So it should come as little surprise that Channel 4 research has found that today’s TV is also sexist as hell, routinely showing five “sexist incidents” an hour during prime time. Not only that, but women are outnumbered two-to-one by men onscreen – and when we’re over 50, the ratio becomes 75/25 in their favour. Sports programmes are the worst offenders, where only 2 per cent of presenters, pundits or guests were female.

The study concluded that sexism is an ever-present, low-level televisual hum – a bad case of 21st century tinnitus, but with more middle-aged men telling impassioned women to calm down.

The constant stream of misogynist jokes, laddish asides and patronising comments that this report has identified is thinly veiled enough that it often goes unnoticed by male viewers. So when women take issue with the less overtly - but nevertheless very genuinely - sexist state of modern media, the response increasingly becomes: “Why are you so bothered? Nobody’s telling you to get back in the kitchen.” And it’s true; they’re not; at least, not in so many words.

Instead we’re being asked to watch endless programmes with a male protagonist at its centre, surrounded by his male friends, with one or two women chucked in for japes - ditzy and impossibly good-looking, and often the butt of condescending jokes (see: The Big Bang Theory). Again and again, we see complicated men come up against two-dimensional, eye-rollingly unrealistic female characters. Even in programmes where women are prominent, their parts are often written by men, because TV writers working on big shows are still disproportionately male.

We’re told not to complain about what’s on the box because marketers just follow the money; and, it’s said, “this is what the audience wants”. The problem is that if the audience has never been given the chance to consume nuanced, truthful depictions of women’s lives, it’s hardly in a position to give informed consent to the dull and repetitive sexism that’s shoved down its throat instead.

We used to be told that women weren’t visual creatures and there was no money in the objectification of men but, importantly, Channel 4’s research found that that wasn’t true either – at least not in terms of where media moguls choose to invest. The objectification of male bodies on TV is actually increasing exponentially. You can thank topless Poldark for that.

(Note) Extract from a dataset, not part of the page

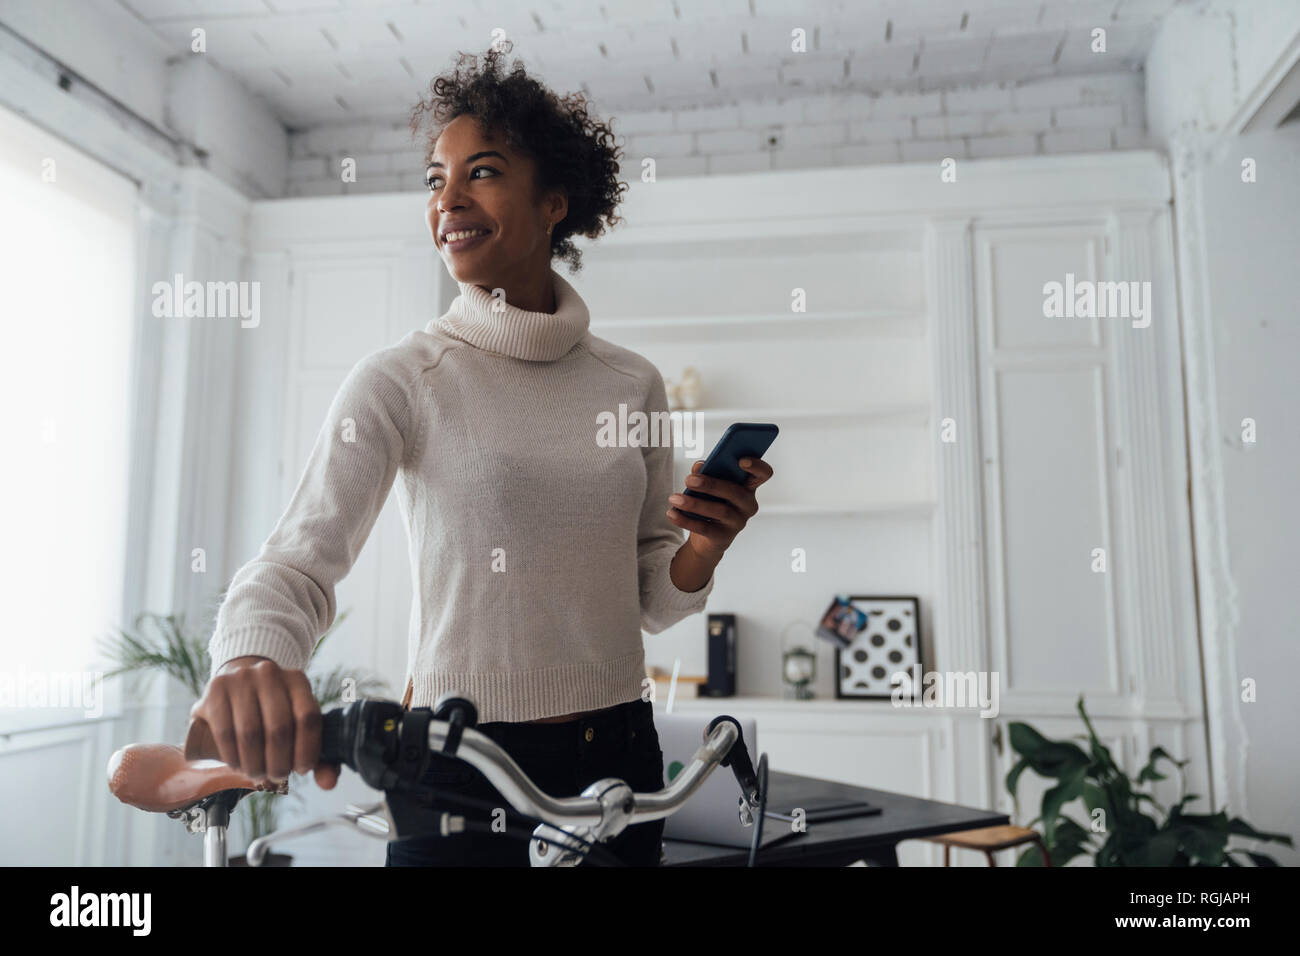 Mid adult woman leaving her home office, pushing bicycle, using smartphone Stock Photo
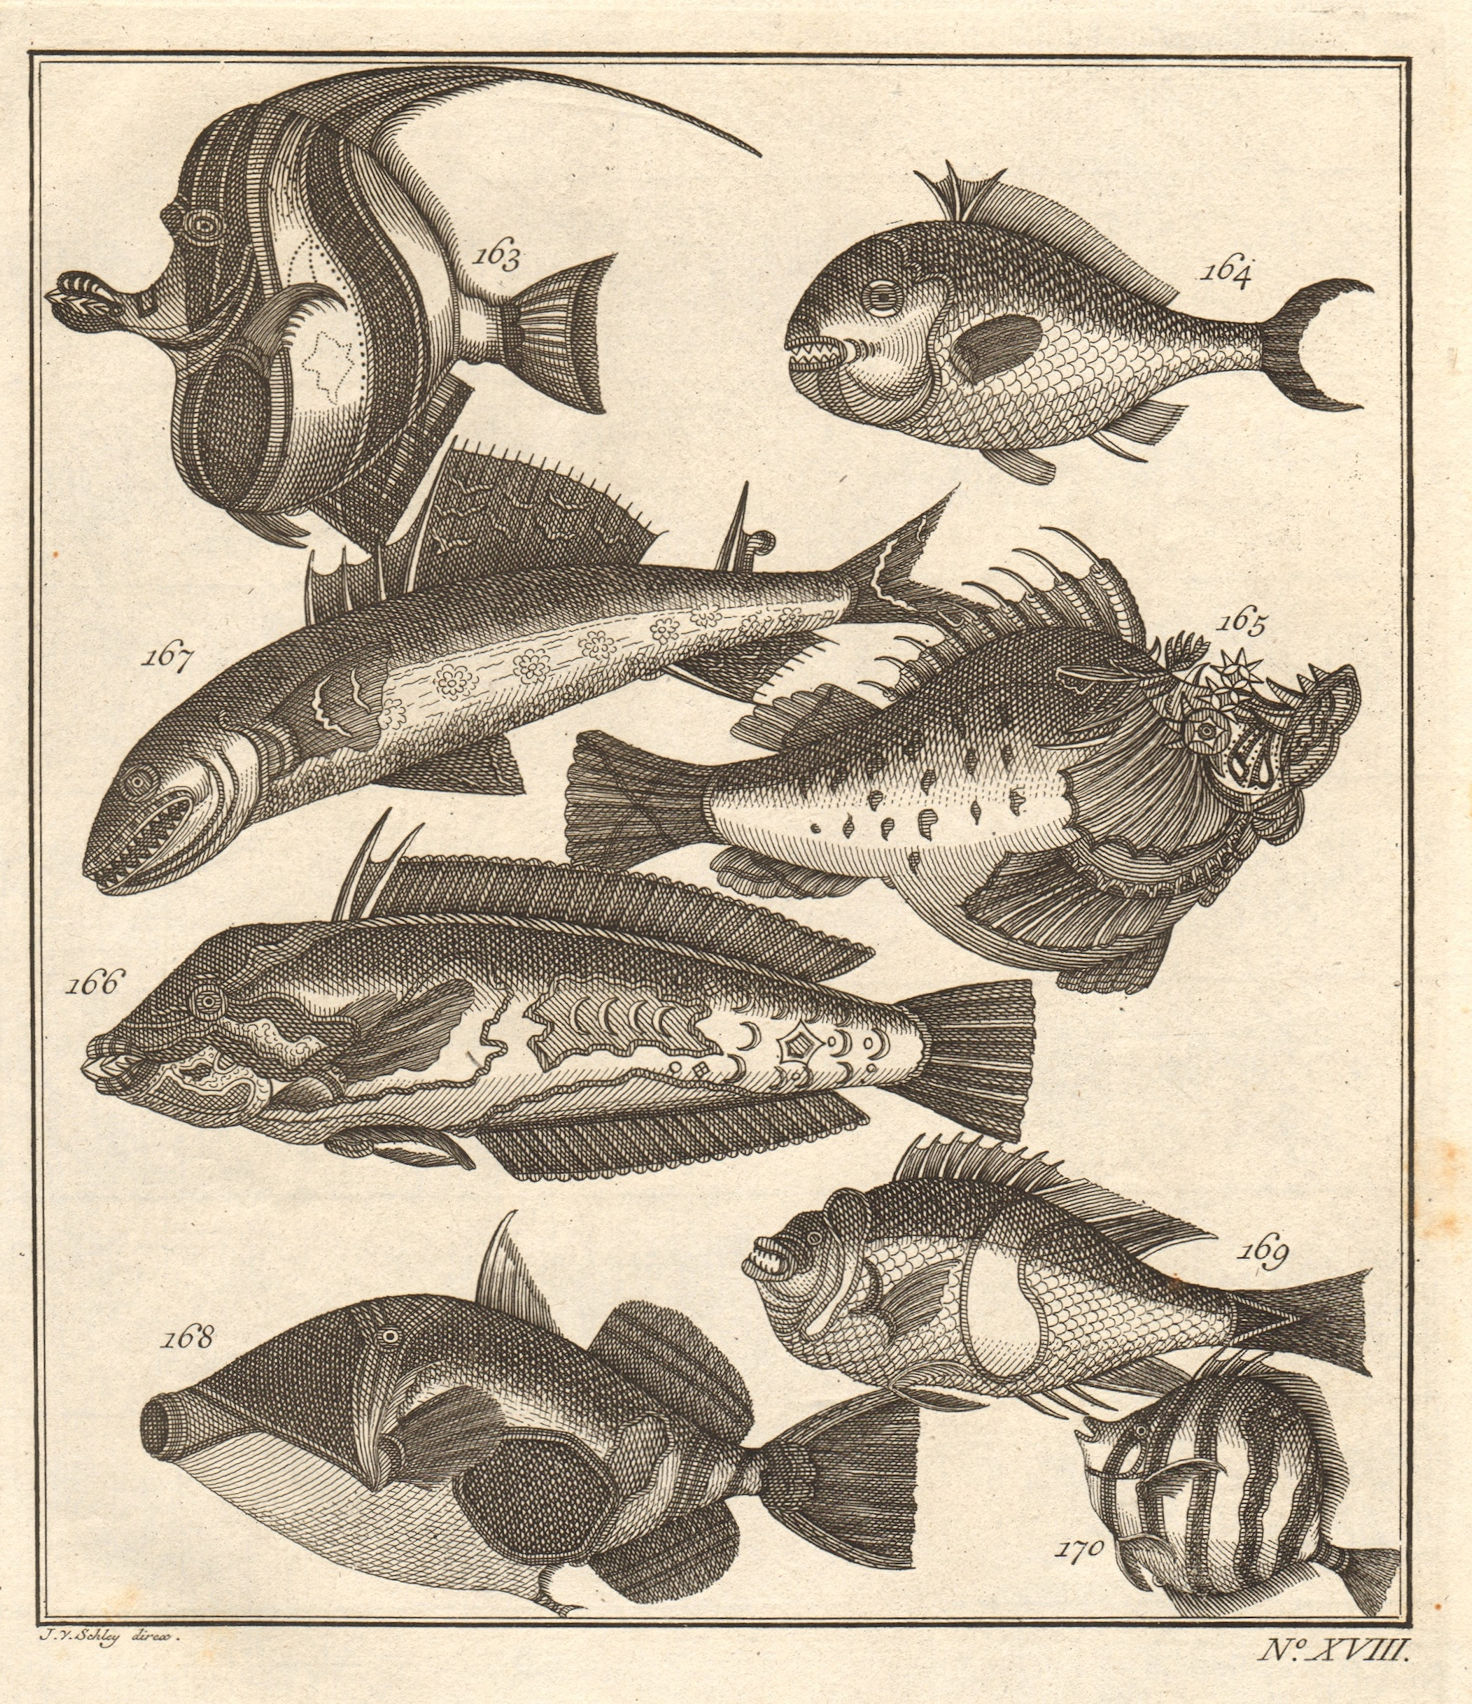 Associate Product XVIII. Poissons d'Ambione. Indonesia Moluccas Maluku tropical fish. SCHLEY 1763

Is there anything inherently bad about objectification? Not necessarily – the issue, as always, is equality. Men aren’t likely to be penalised or vilified in the television industry when their naked bodies appear onscreen. And I can’t remember the last time I heard a man being told not to “dress slutty” for a work event or schoolboys being told not to roll up their trousers too high in case they cause “a distraction for the girls”.

But like tiresome commentators who complain that men being depicted as clueless fools in commercials for household cleaning products (clue: that’s because society says household chores are women’s work!) is just as sexist as a lifetime of being told it might-be-sort-of-kind-of-your-fault if you get sexually assaulted, focusing on the fact that men are taking their tops off more often would be missing the point.

Excessive emphasis on women’s appearances on trash TV such as Take Me Out wouldn’t matter if, like men, we held a diversity of roles in front of and behind the cameras. But the problem, as this week’s research has quite clearly pointed out, is that we’re actually barely there at all.